The study results also indicated that increased insulin resistance explained the significant association between vitamin D deficiency and an increased incidence of gestational diabetes, Marilyn Lacroix said at the annual meeting of the European Association for the Study of Diabetes.

Mitchel L. Zoler/IMNG Medical Media
Marilyn Lacroix

The analysis showed that for every standard-deviation decrease in blood levels of 25-hydroxyvitamin D identified during the first trimester, women had a statistically significant 40% increased rate of having gestational diabetes during their second trimester, after adjustment for age, season of blood sampling, use of vitamin D supplements, and degree of adiposity, reported Ms. Lacroix, an endocrinology researcher at Sherbrooke (Que.) University. In the population studied, a standard-deviation reduction in blood levels of vitamin D corresponded to a drop of 19 nmol/L.

The study included 655 pregnant women aged 18 or older at 6-13 weeks’ gestation with a singleton pregnancy and no history of diabetes or gestational diabetes, miscarriage, or alcohol or drug abuse. The researchers measured each woman’s blood level of 25-hydroxyvitamin D at gestational week 6-13, and then assessed each woman for diabetes at week 24-28. During the study, 54 of the women (8%) developed gestational diabetes.

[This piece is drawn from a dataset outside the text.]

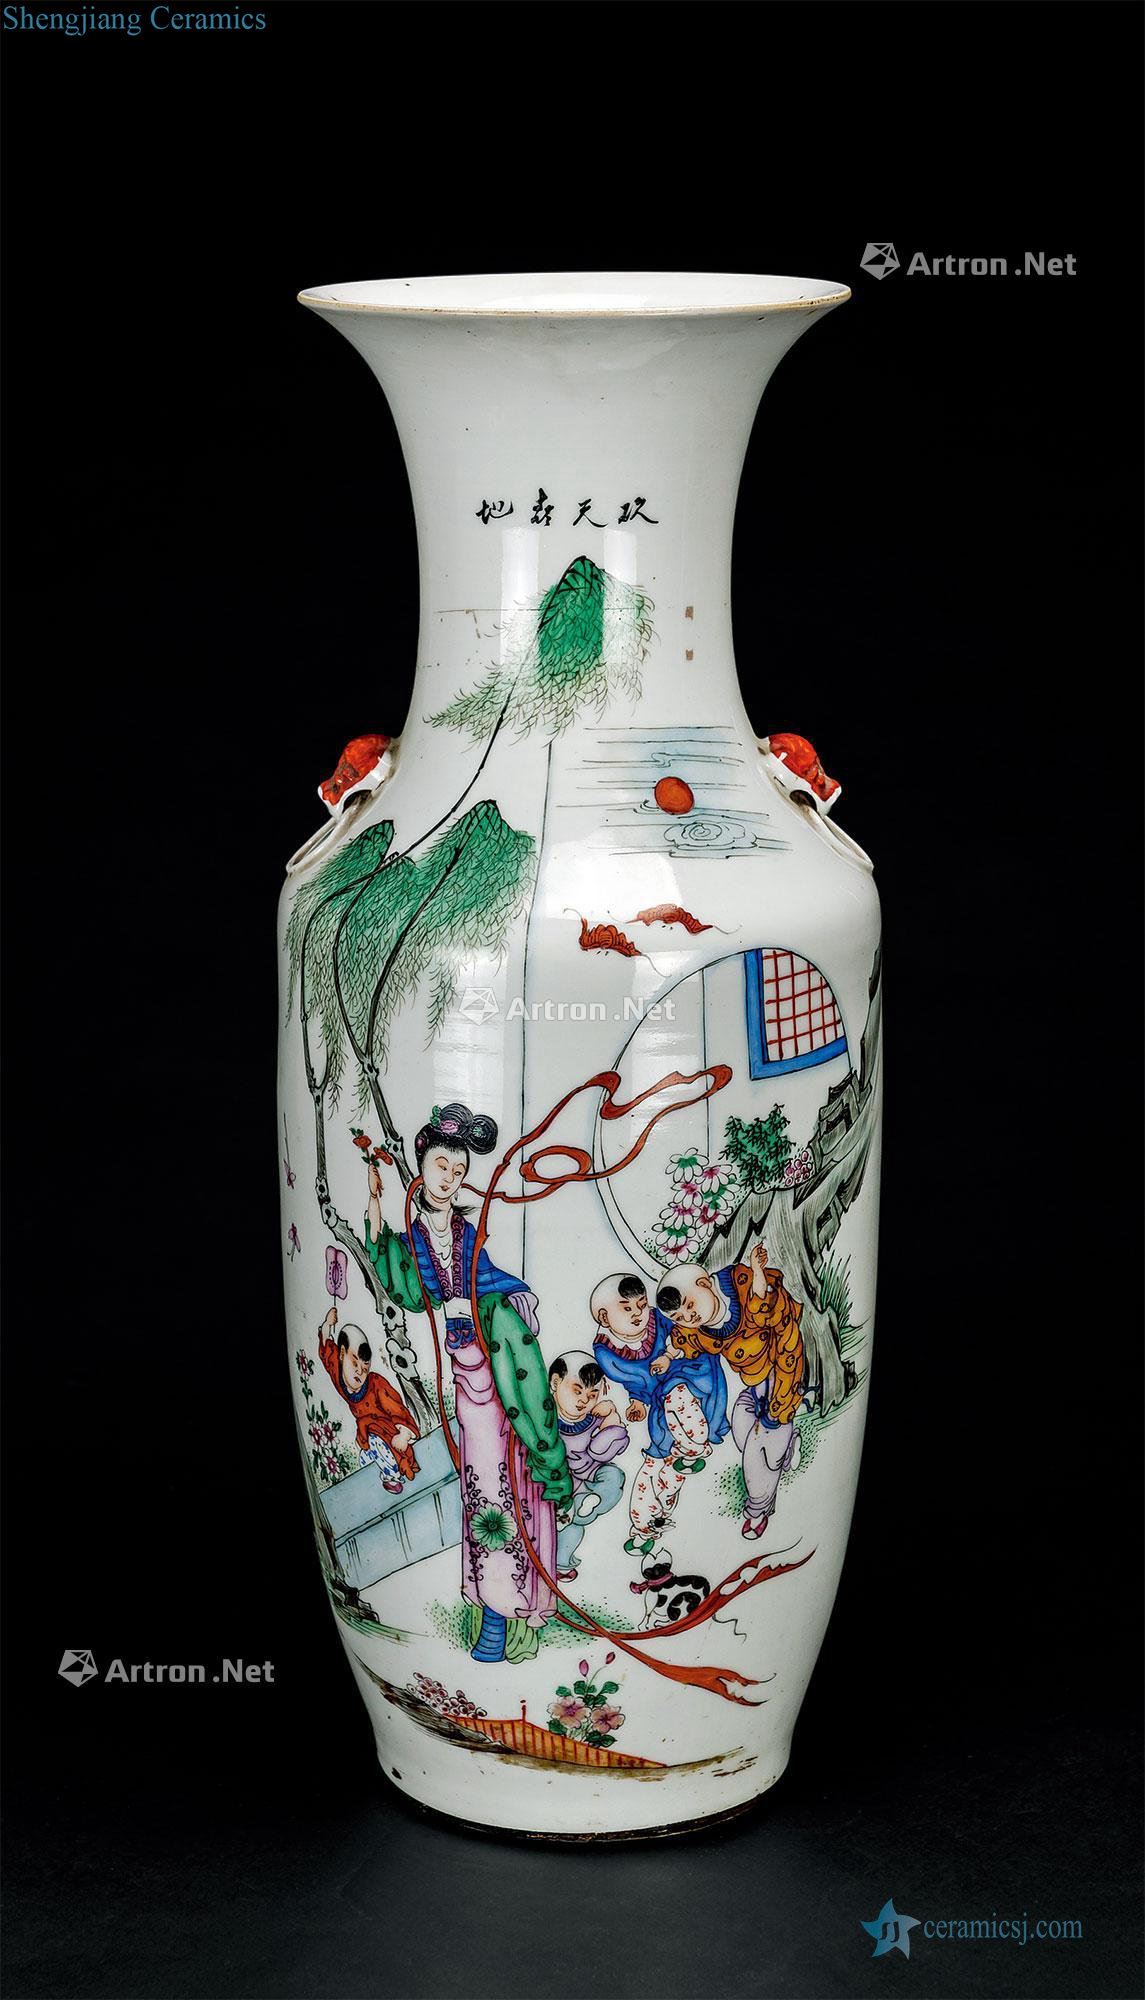 /powder enamel of the republic of China in late qing dynasty "happy" big vase with wood

The prevalence of first-trimester vitamin D deficiency – a blood level of less than 50 nmol/L – was 26% among the 601 women who were normoglycemic during the second trimester, and 37% among women who developed gestational diabetes by the second trimester.

The analysis also showed a significantly reduced average Matsuda index (Diabetes Care 1999;22:1462-70), as well as a significantly reduced insulin secretion sensitivity index (Diabetic Medicine 2009;26:1198-1203) among patients who went on to have gestational diabetes. These reductions suggest that insulin resistance forms the link between low vitamin D levels and incident gestational diabetes, Ms. Lacroix said.

Ms. Lacroix reported that she and her associates also had no relevant financial disclosures.